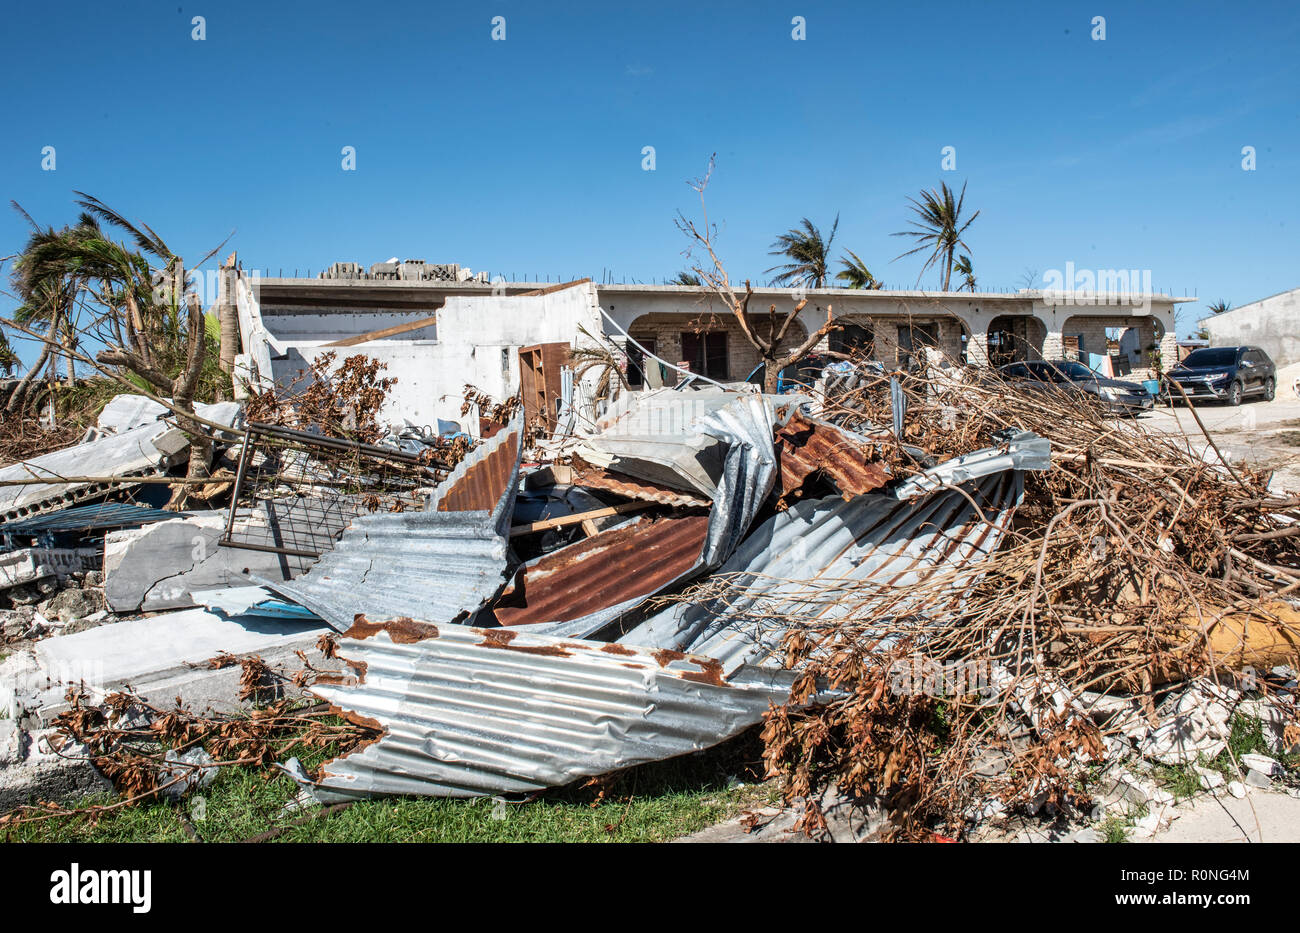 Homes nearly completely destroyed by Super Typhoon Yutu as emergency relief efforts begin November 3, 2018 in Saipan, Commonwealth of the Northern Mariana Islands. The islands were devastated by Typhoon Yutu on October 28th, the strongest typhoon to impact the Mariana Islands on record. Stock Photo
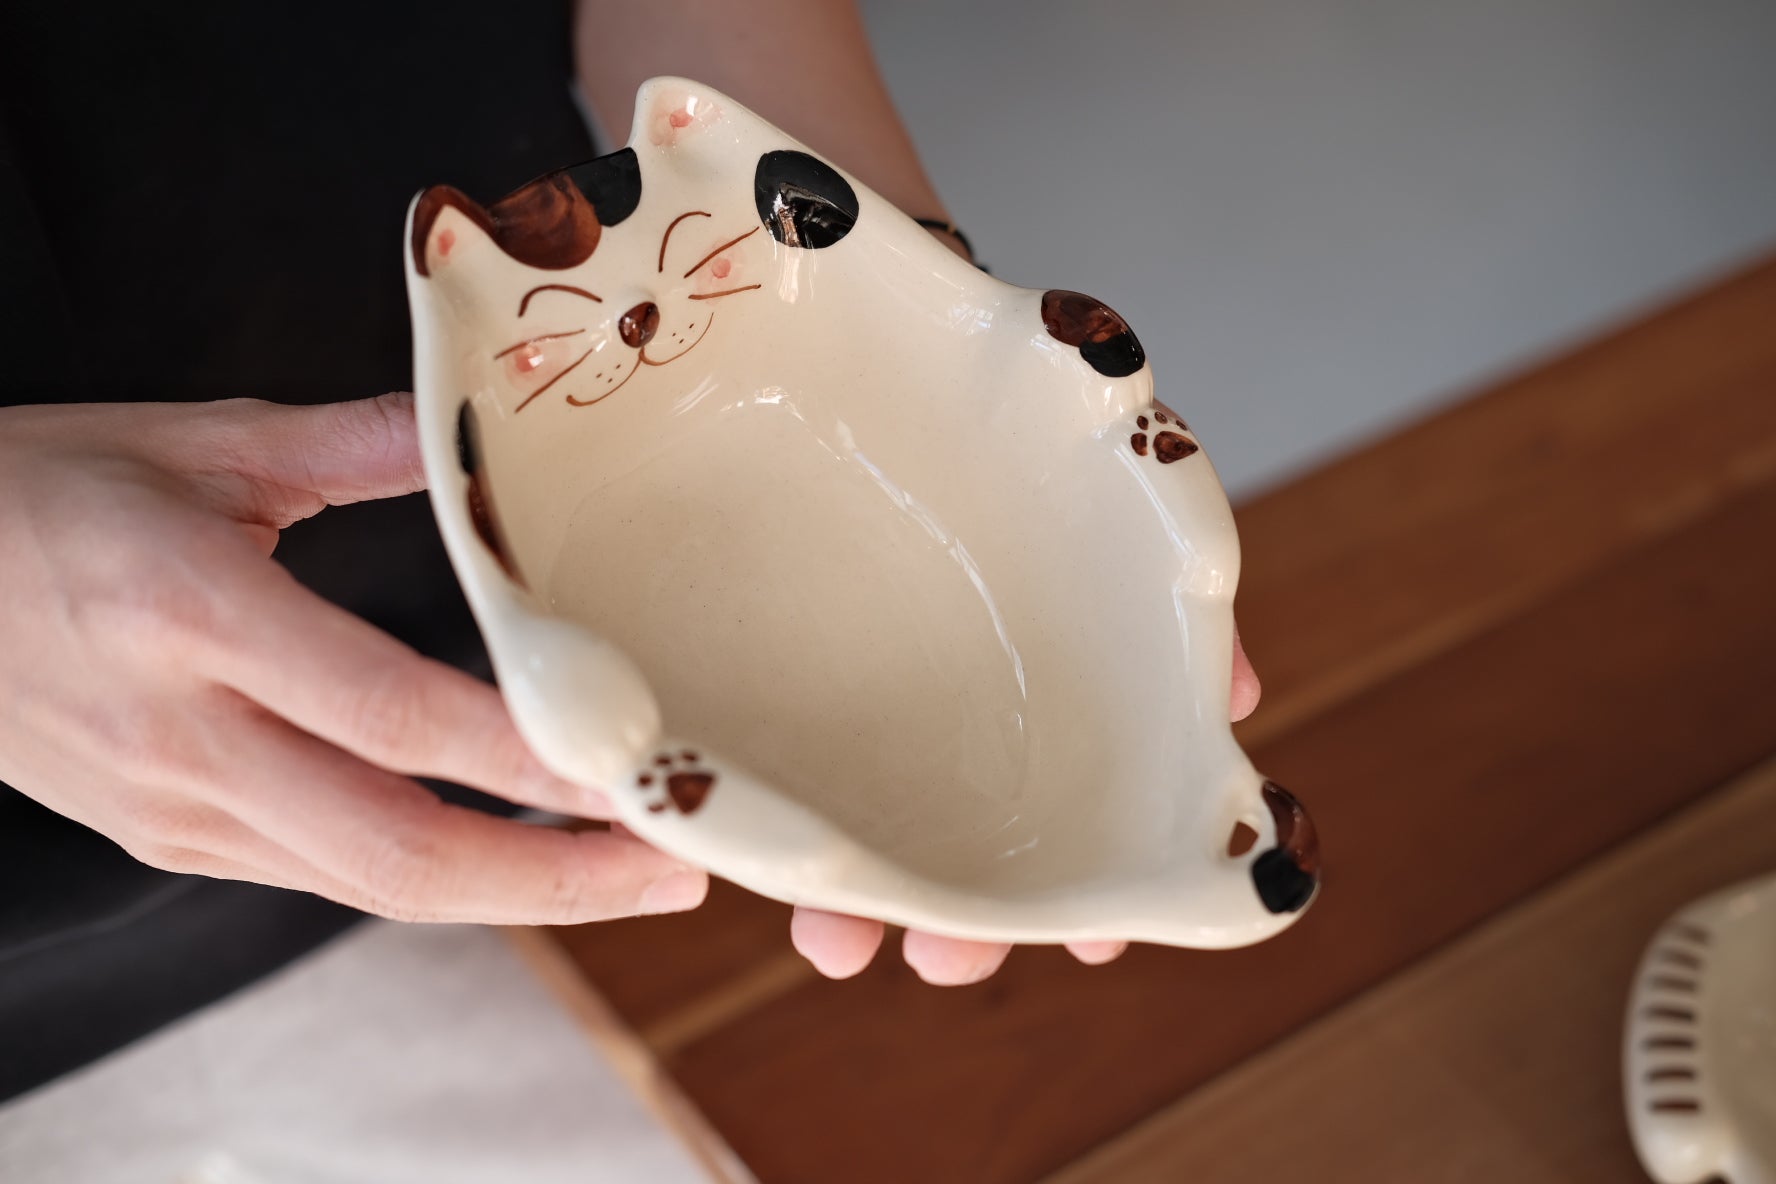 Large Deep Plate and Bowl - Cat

* * * * * * *

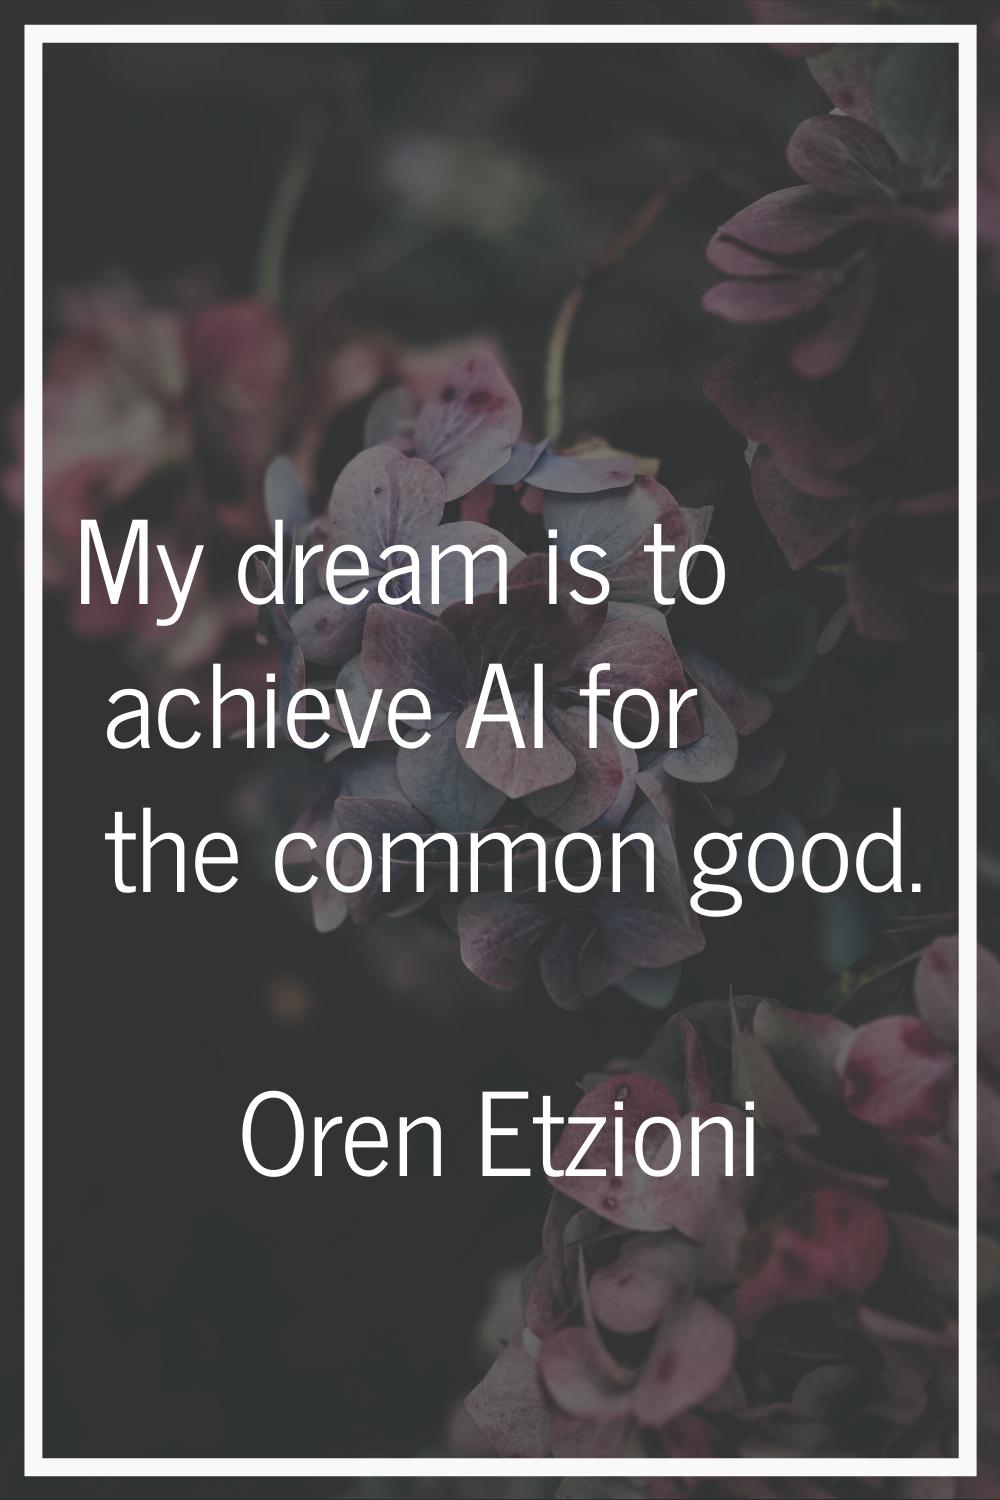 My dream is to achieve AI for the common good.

* * * * * * *

## Directions for this task
From the entries above, copy exactly the lines starting at the one with "Homes nearly completely" and stopping at the one with "Large Deep Plate and Bowl - Cat", keeping both ends. Drop the pictures.

## Solution
 Homes nearly completely destroyed by Super Typhoon Yutu as emergency relief efforts begin November 3, 2018 in Saipan, Commonwealth of the Northern Mariana Islands. The islands were devastated by Typhoon Yutu on October 28th, the strongest typhoon to impact the Mariana Islands on record. Stock Photo
 Large Deep Plate and Bowl - Cat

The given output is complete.